One of the young male falcons was perched on the ledge, flexing and pumping its wings. That’s a good sign, Taylor said. The fledgling was building up its pectoral muscles so it could fly. Mom and Dad weren’t there. They had four mouths to feed and were probably out hunting, she said.
“They eat mostly pigeons here in Lexington,” she said.
That’s good news for downtown Lexington businesses — including Langley Properties, which owns the Central Bank building. Pigeon control can be costly.
But the commotion and activity on the patio — several stories down from the fledglings’ box— soon brought the new parents back to the Central Bank roof.
The mother — who comes from an area near Monaca, Pa. — came swooping down off the roof, darting at Taylor and others gathered on the patio.
“She’s a good mom,” Taylor said of the falcon she affectionately calls “Monaca.”
Monaca has become even more protective of her young, Taylor said. When Taylor visited Monaca and her newborns last year at the Vine Center, she was a little less aggressive. But she did use countermeasures to keep humans from her kids.
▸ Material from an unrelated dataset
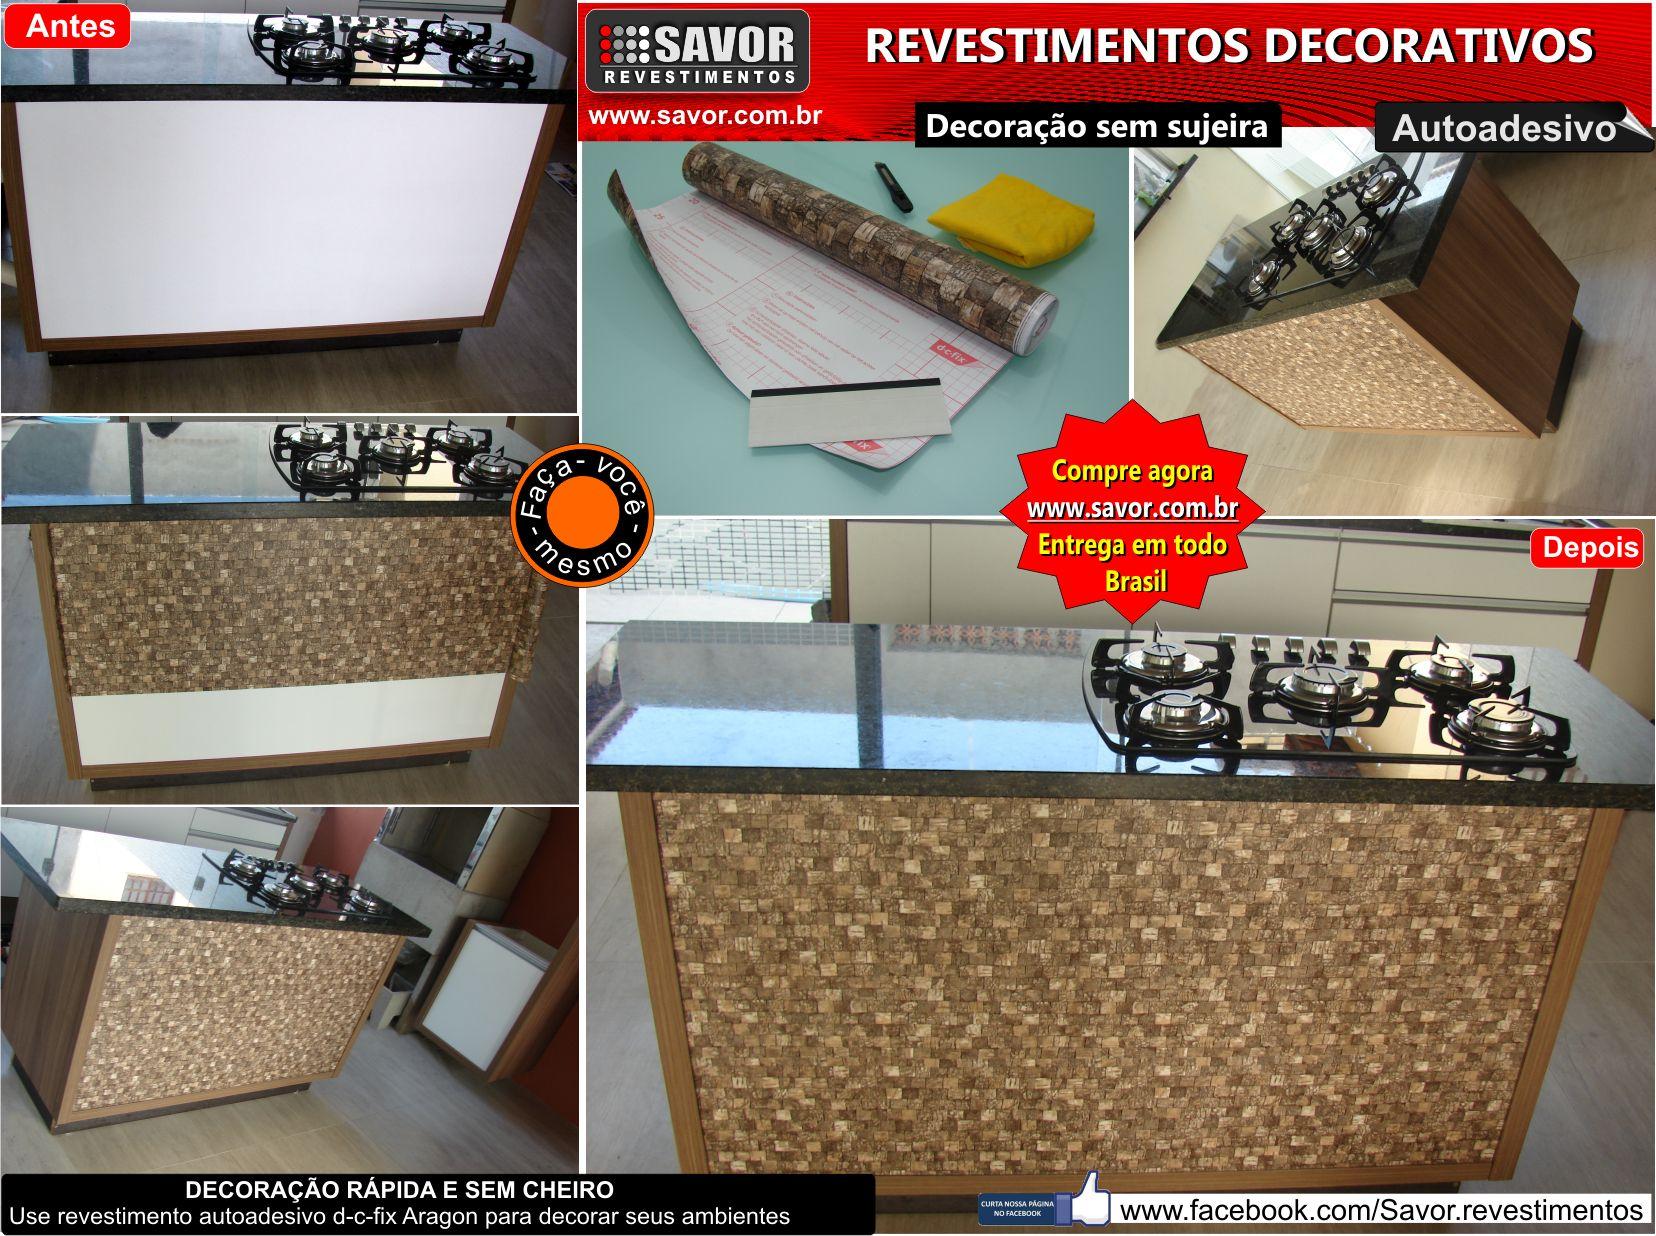 Revestimento autoadesivo com texturas variadas, usado para reformar e customizar superfícies lisas como, paredes, portas, MDF, PVC, metais, azulejos, divisórias e móveis.

“She did poop on me once,” Taylor said, laughing. “Fortunately, I was wearing a hard hat, but it went everywhere.”
On Wednesday, Taylor was more focused on the male. The bands on his legs — placed on peregrine falcons for tracking purposes — are unique. Taylor wanted to make sure that this male was the same one that paired with Monaca last year. But falcons are fast — some have been clocked at more than 200 mph — and Taylor couldn’t see the band as the much-smaller male darted and dived around the patio to keep humans away from his four kids. On Wednesday, the flour fledglings were 36 days old.
So why nest on on top of Central Bank?
Falcons in the wild nest on top of cliffs, typically on the edges of rivers. The falcon population in Kentucky was once predominantly along the Ohio River, Taylor said. Most of the falcon pairs in Kentucky make nests on top of manmade structures: bridges, tall buildings and power plants. There is one pair in Kentucky that has moved to a cliff, Taylor said.
“Lexington’s pair is unique because they aren’t near water,” she said.
Falcons also don’t build nests. They typically make a dent in a hard, gravelly surface and place the eggs there. “That’s why they nest on the top of buildings; it’s because of the gravel roof,” Taylor said. Fish and wildlife staffers put the wooden boxes on the roof to give the fledglings more protection.
Will the four baby falcons stay in Lexington? Maybe find a mate and move to the Fifth/Third building?
Don’t bank on it, Taylor said.
Once falcons can fly, they don’t necessarily come back to the place they were born, she said: “Their nature is to disperse.”